- [Activity]
Before printing, remove every picture; then print the lines below exactly, from the first line through the line containing "The FF Chair - Cantilever".

- [Given data]
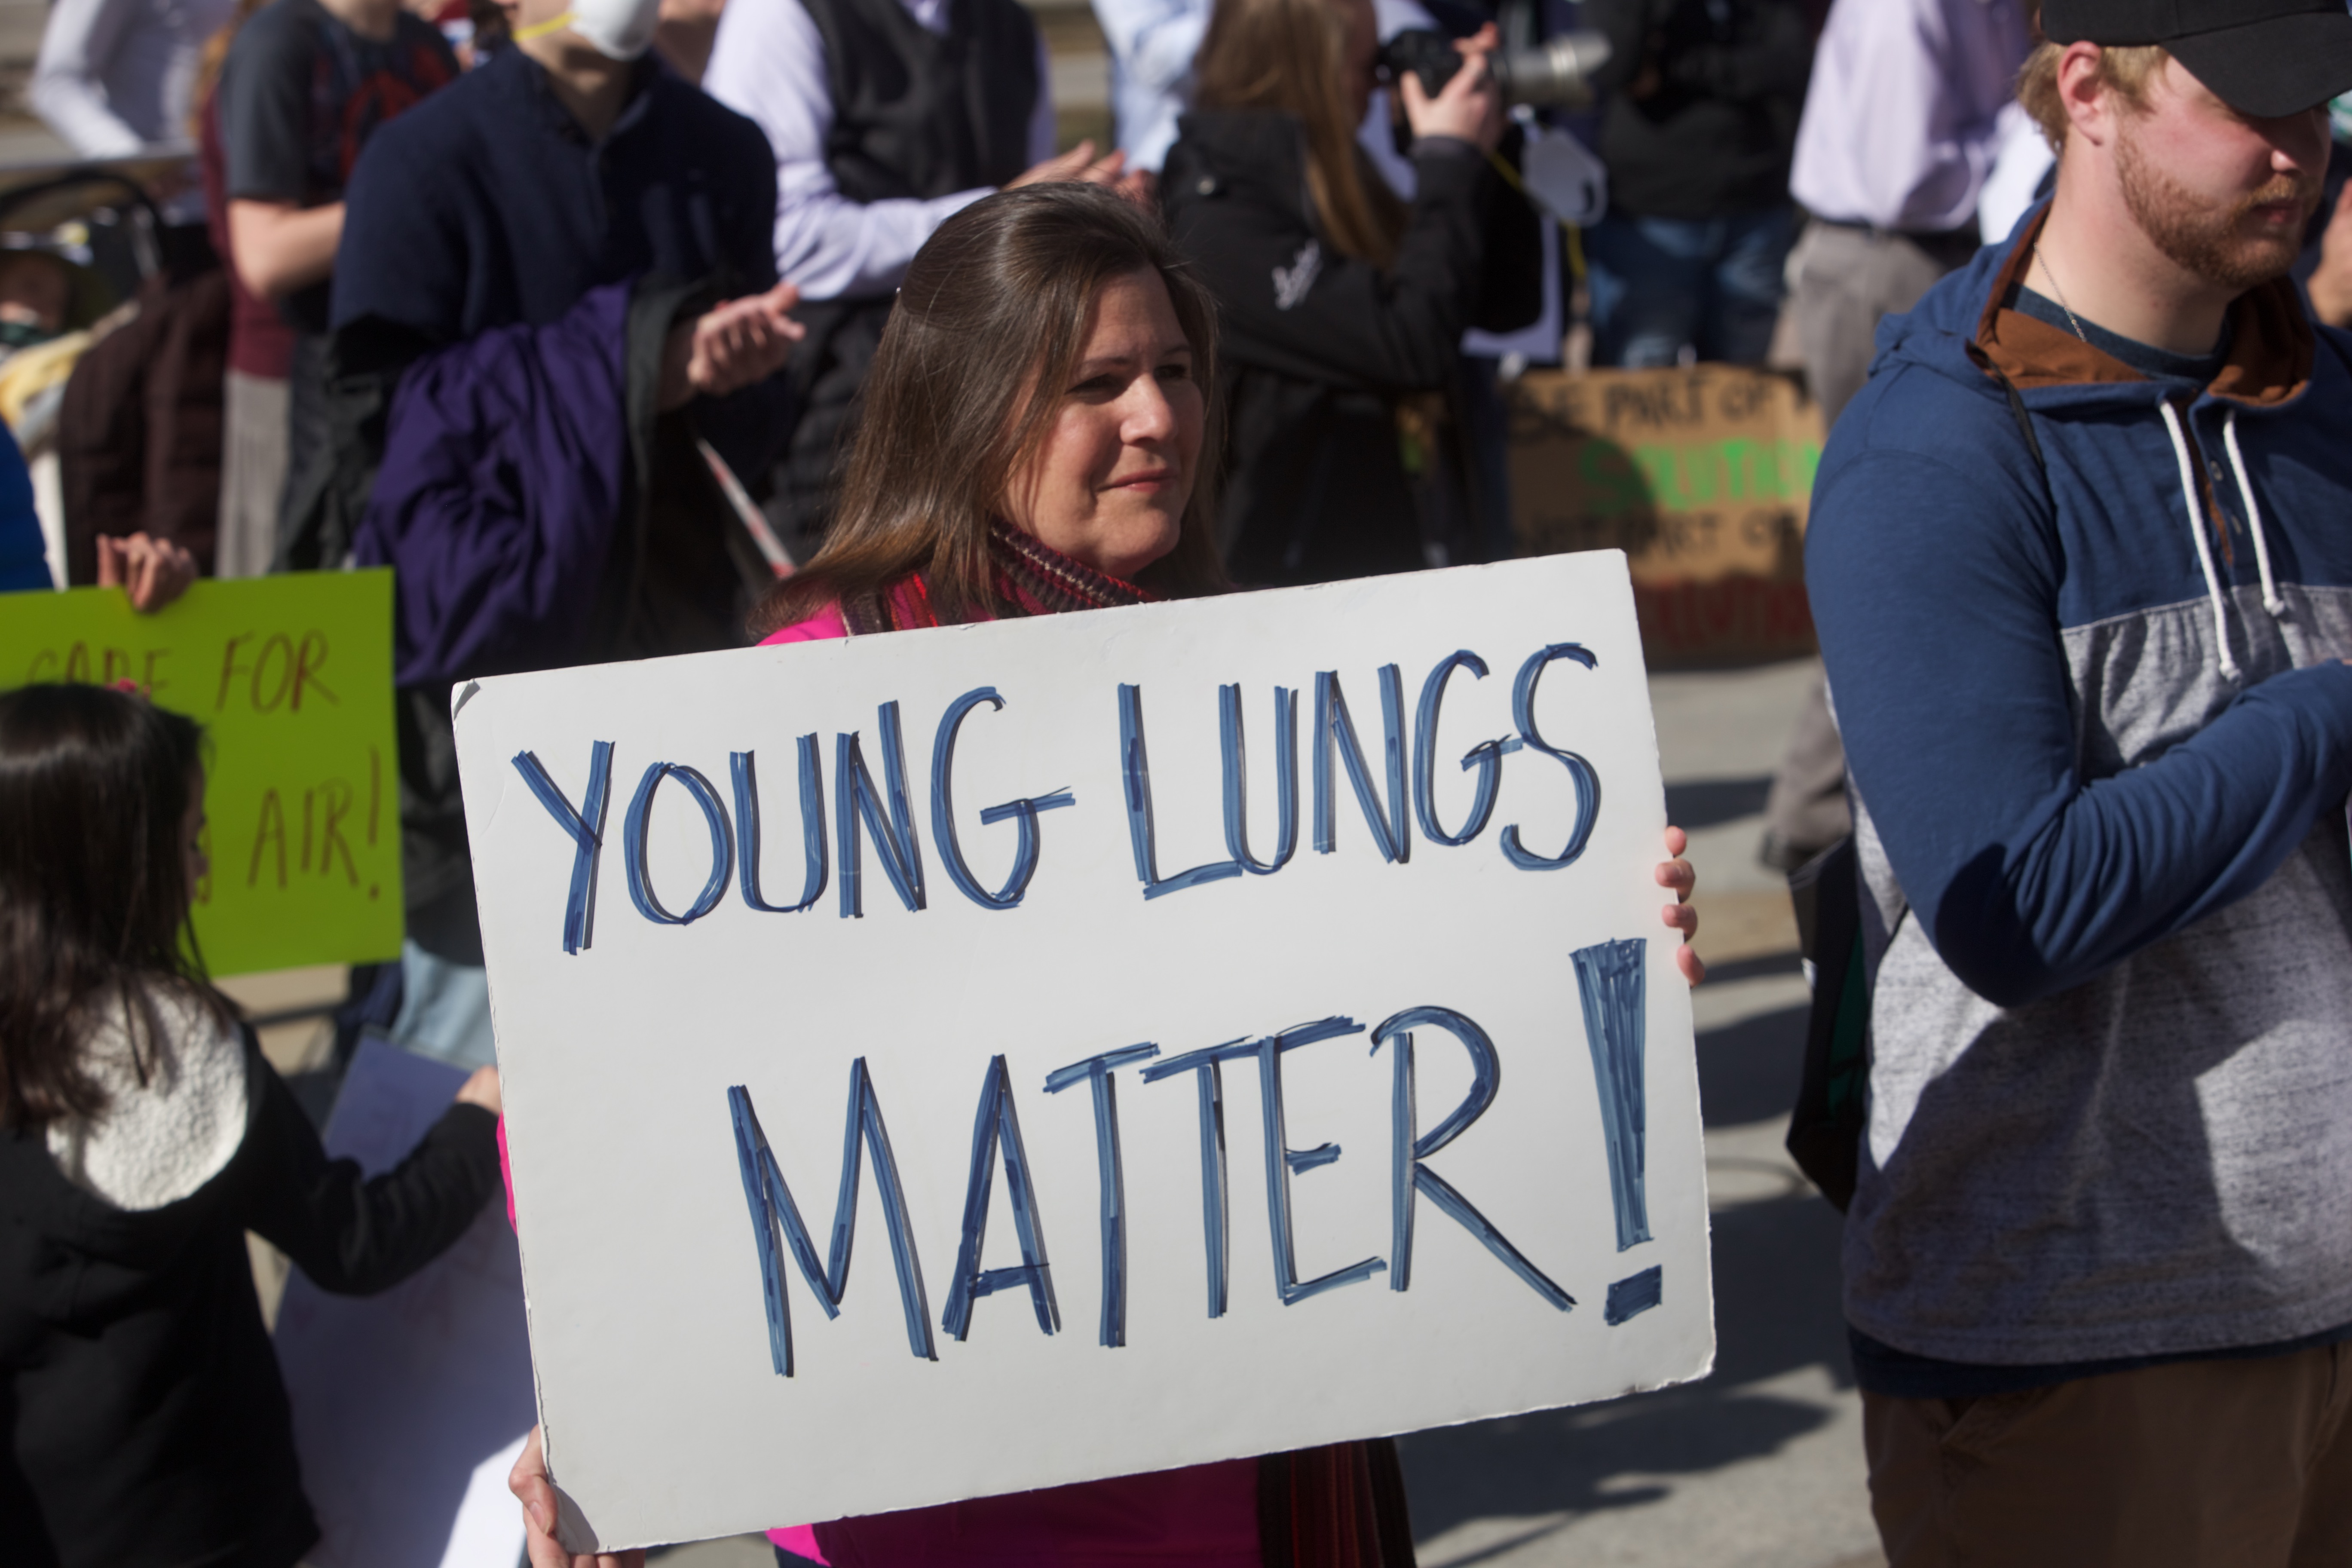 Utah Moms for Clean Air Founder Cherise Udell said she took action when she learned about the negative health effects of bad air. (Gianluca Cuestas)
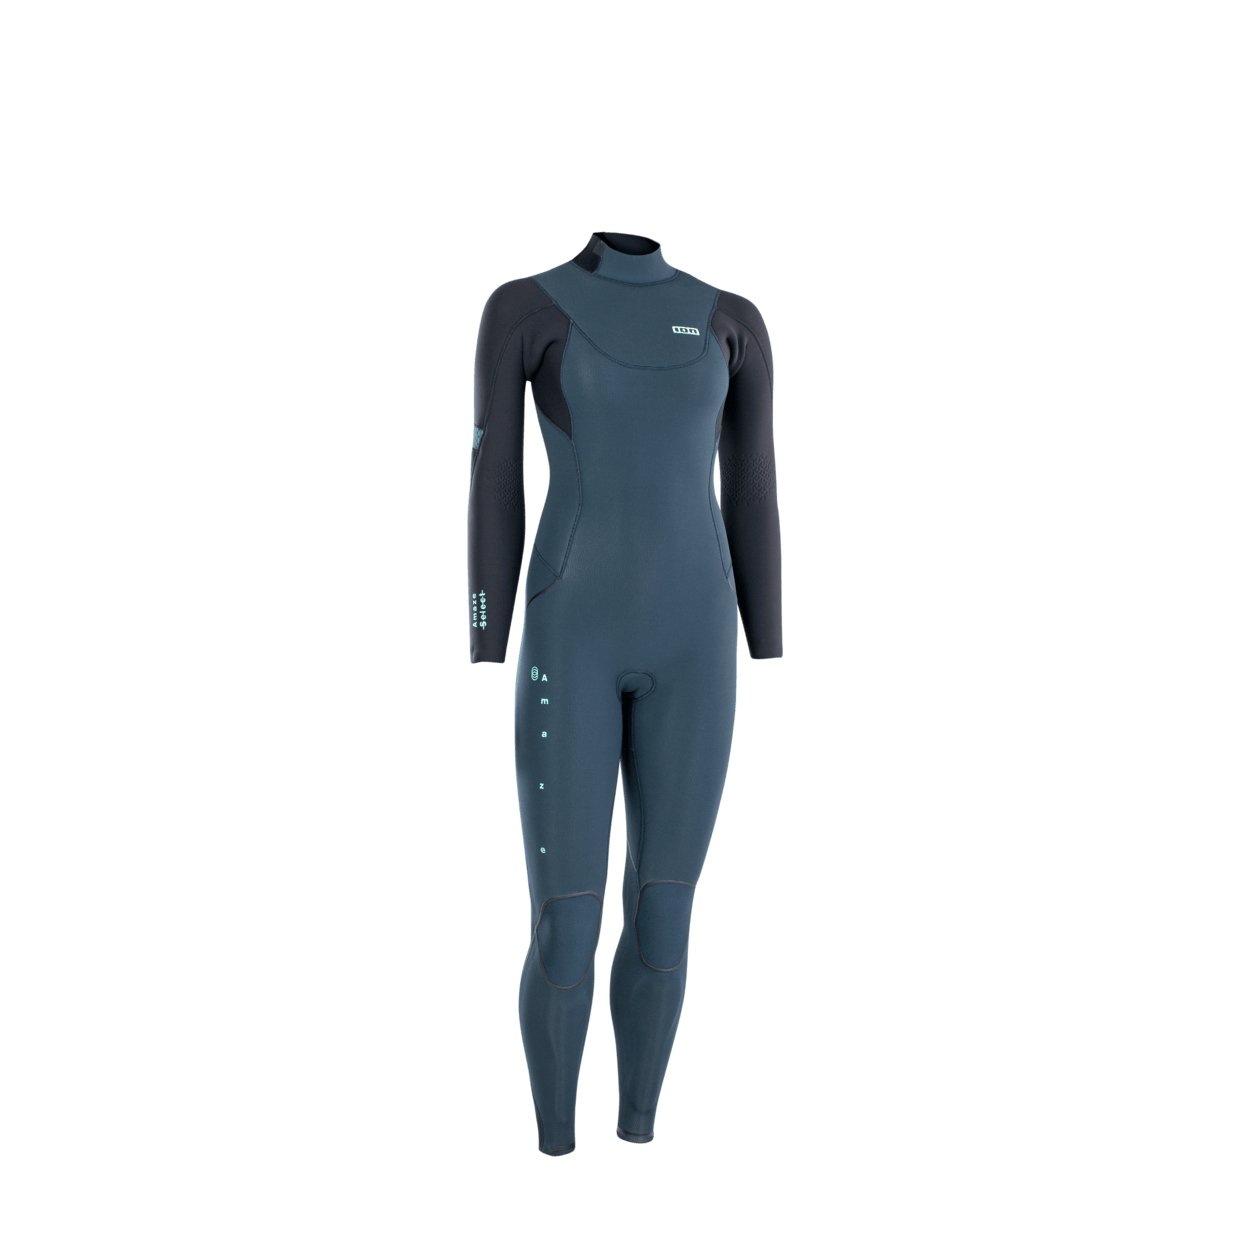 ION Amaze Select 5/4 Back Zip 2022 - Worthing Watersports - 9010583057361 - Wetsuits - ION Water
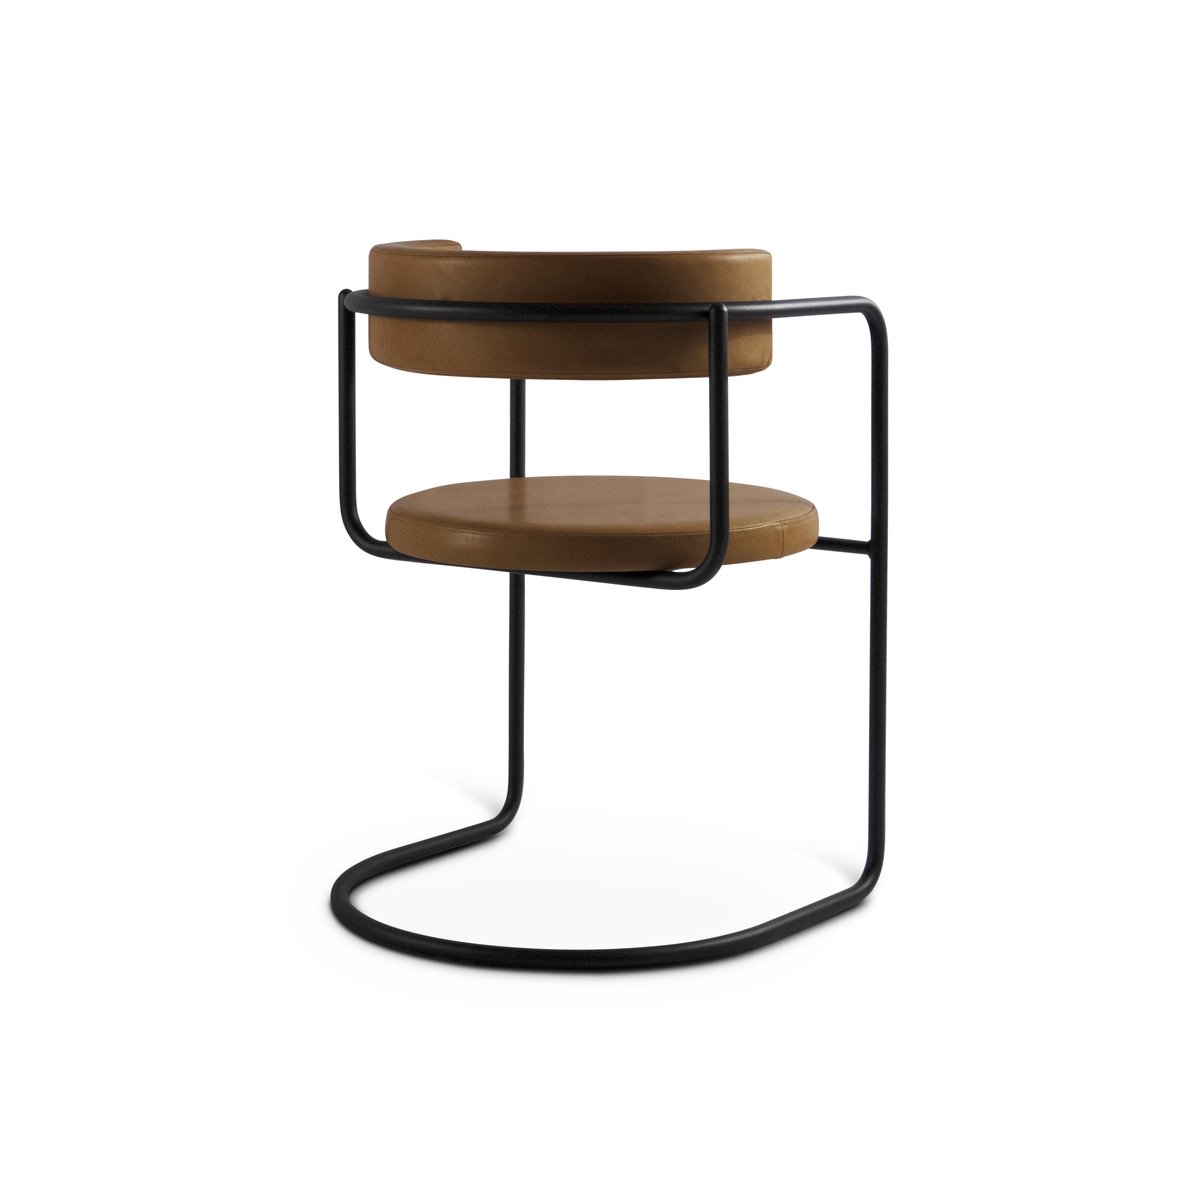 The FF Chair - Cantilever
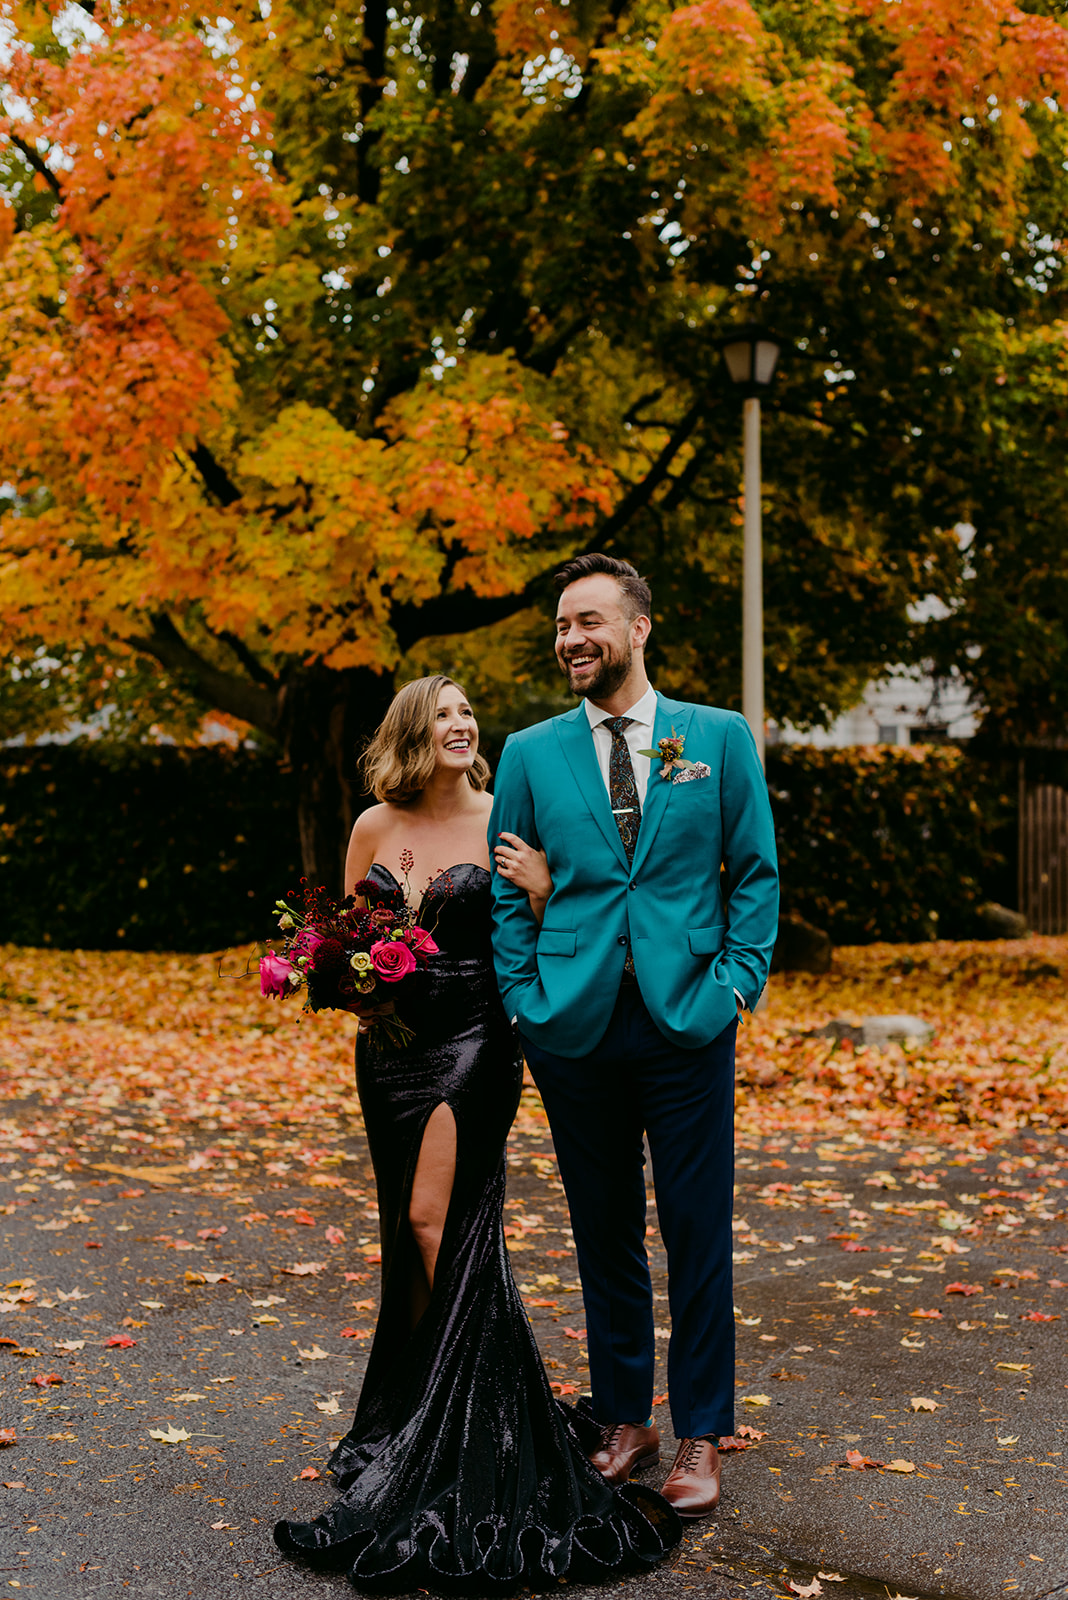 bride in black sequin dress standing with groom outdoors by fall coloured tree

- [Final answer]
 Utah Moms for Clean Air Founder Cherise Udell said she took action when she learned about the negative health effects of bad air. (Gianluca Cuestas)
 ION Amaze Select 5/4 Back Zip 2022 - Worthing Watersports - 9010583057361 - Wetsuits - ION Water
 The FF Chair - Cantilever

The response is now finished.